Понятно, что киевская контрразведка не дремала. А судя по тому, что арестовали не только самого Святополка, но и его жену и состоявшего при ней представителя Римской церкви, Владимир и его тайная служба явно заподозрили международный заговор. Без веских оснований киевский князь вряд ли решился бы на такой шаг, зная, к каким внешнеполитическим осложнениям это может привести (и действительно привело!).
Чего могли желать Болеслав и Святополк, мы для себя в общих чертах уяснили. Но нельзя не заметить того пристального внимания, которое проявил Титмар к фигуре епископа Рейнберна. Если о Святополке и Болеславне он лишь упомянул, то одному из архиереев польской Церкви посвятил пространный, хотя и весьма туманный панегирик. Рейнберн был, по-видимому, соплеменником Мерзебургского епископа. Было у них и духовно-политическое родство. (Хотя разделения Церквей тогда ещё не произошло, но противостояние Рима и Константинополя зашло уже достаточно далеко, чтобы ощущать два главных христианских центра как духовно враждебных друг другу).
Титмар пишет о Рейнберне, что в темнице «достопочтенный отец тайно трудился над тем, чего он не мог совершить открыто (как можно понять, предавался изнурительному посту и готовил себя к соединению с Богом. —
«Нечестивый муж» и «сластолюбец» — это, конечно, Владимир. Он, вероятно, и сам допрашивал «достопочтенного отца», но ничего, по мнению или сведениям Титмара, от Рейнберна не добившись, ярился и грозил тому даже после его смерти.
Чем же объяснить такое отношение киевского князя именно к Рейнберну? Надо полагать, он считал его главной фигурой заговора. А Святополка — пешкой в руках сего злохитрого исполнителя предначертаний коварного соседа. Возможно, это следовало из показаний, которые дали Святополк и его жена. А упорство и фанатизм, проявленные Рейнберном, подогревали данную версию.

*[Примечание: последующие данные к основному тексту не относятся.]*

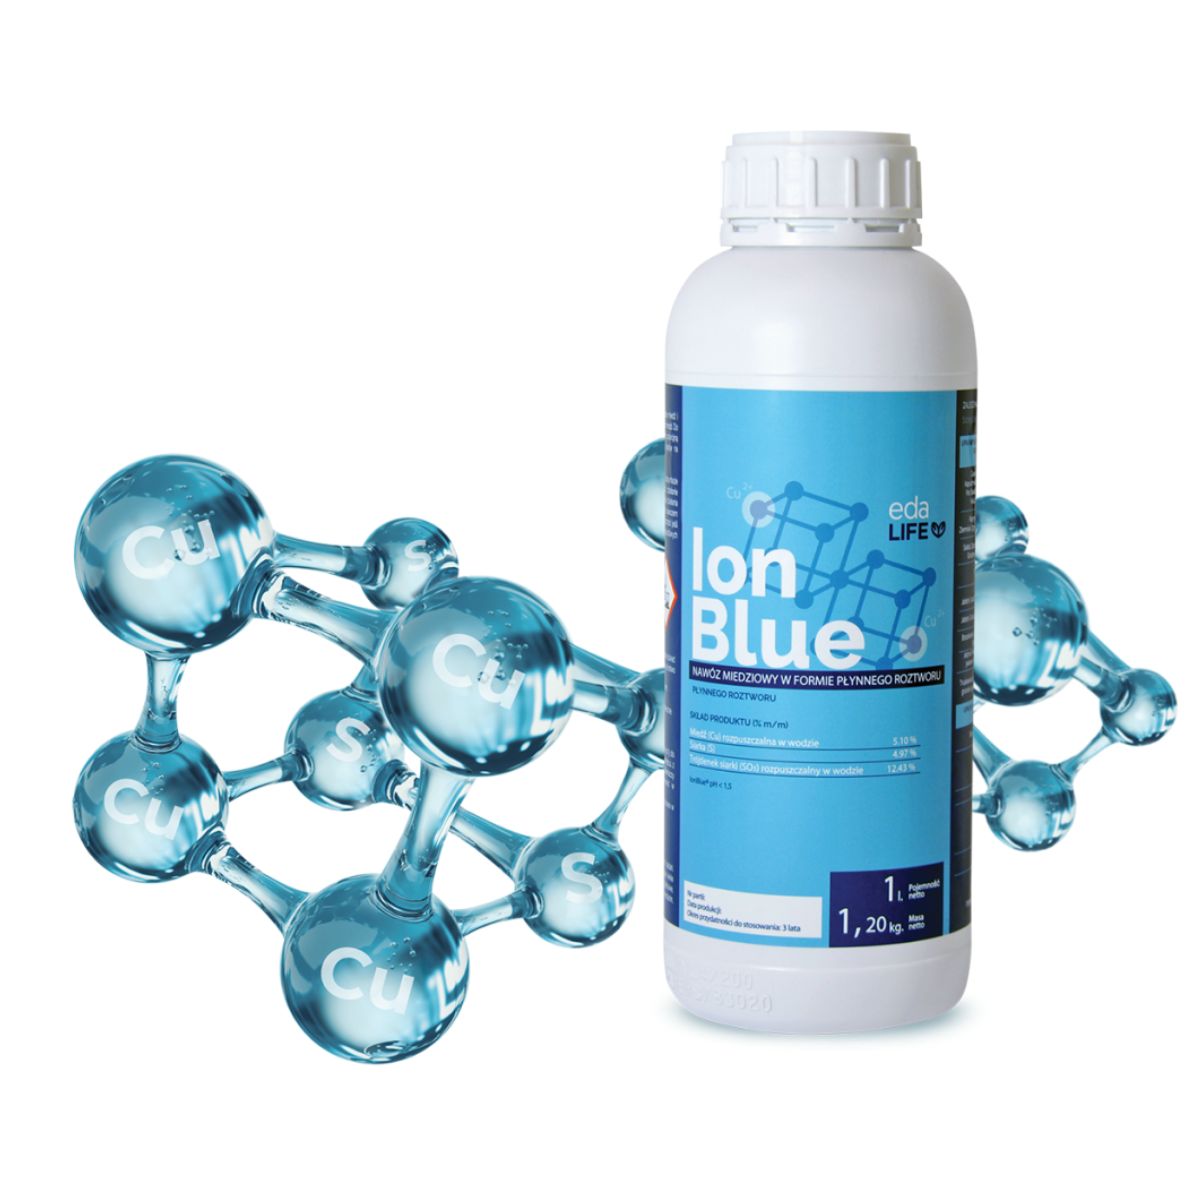 IonBlue - bioaktywne jony miedzi i siarki

Титмар пишет, что епископ Колобжегский был человеком просвещённым и по заслугам удостоенным высокого сана, то есть был прежде всего ревностным миссионером. И рассказывает, что Рейнберн «разрушил идольские капища и, сбросив четыре камня, взрастил всемогущему Богу новый росток на бесплодном дереве, то есть насадил святое благовествование в народе слишком грубом». Где совершал Рейнберн этот миссионерский подвиг — в своей колобжегской епархии или в Турово-Пинской земле, — неясно. Если не придираться к слову «море», не исключён последний вариант. Тем более что Титмар, дополнив своё повествование фразой о том, как доблестный сын Западной церкви, «изнуряя тело своё непрестанным постом и бдением», «устремил сердце к созерцанию божественного зрелища» (то есть, вероятно, любовался плодами трудов своих), сразу затем перешёл к описанию уже известных читателям действий Владимира. И если Рейнберн действительно пытался перекрещивать уже крещёную страну, сколь бы крепко ни гнездилось в ней ещё язычество (а зачем бы присылать с княжной епископа?), то у Владимира было полное право применить к нему санкции. В том, что всё это похоже на правду, убеждает как поведение Рейнберна во время следствия, его экзальтированное самоощущение мученика, попавшего в лапы нечестивых, так и реальные полномочия, полученные Болеславом от императора Оттона III в 1000 году. По свидетельству Хроники Галла Анонима, глава Священной Римской империи «по своей и своих преемников власти облёк его полномочиями по церковным делам в королевстве Польском и в других странах варварских, покорённых или имеющих быть покорёнными; папа Сильвестр, по привилегии Римской церкви, подтвердил постановление этого договора».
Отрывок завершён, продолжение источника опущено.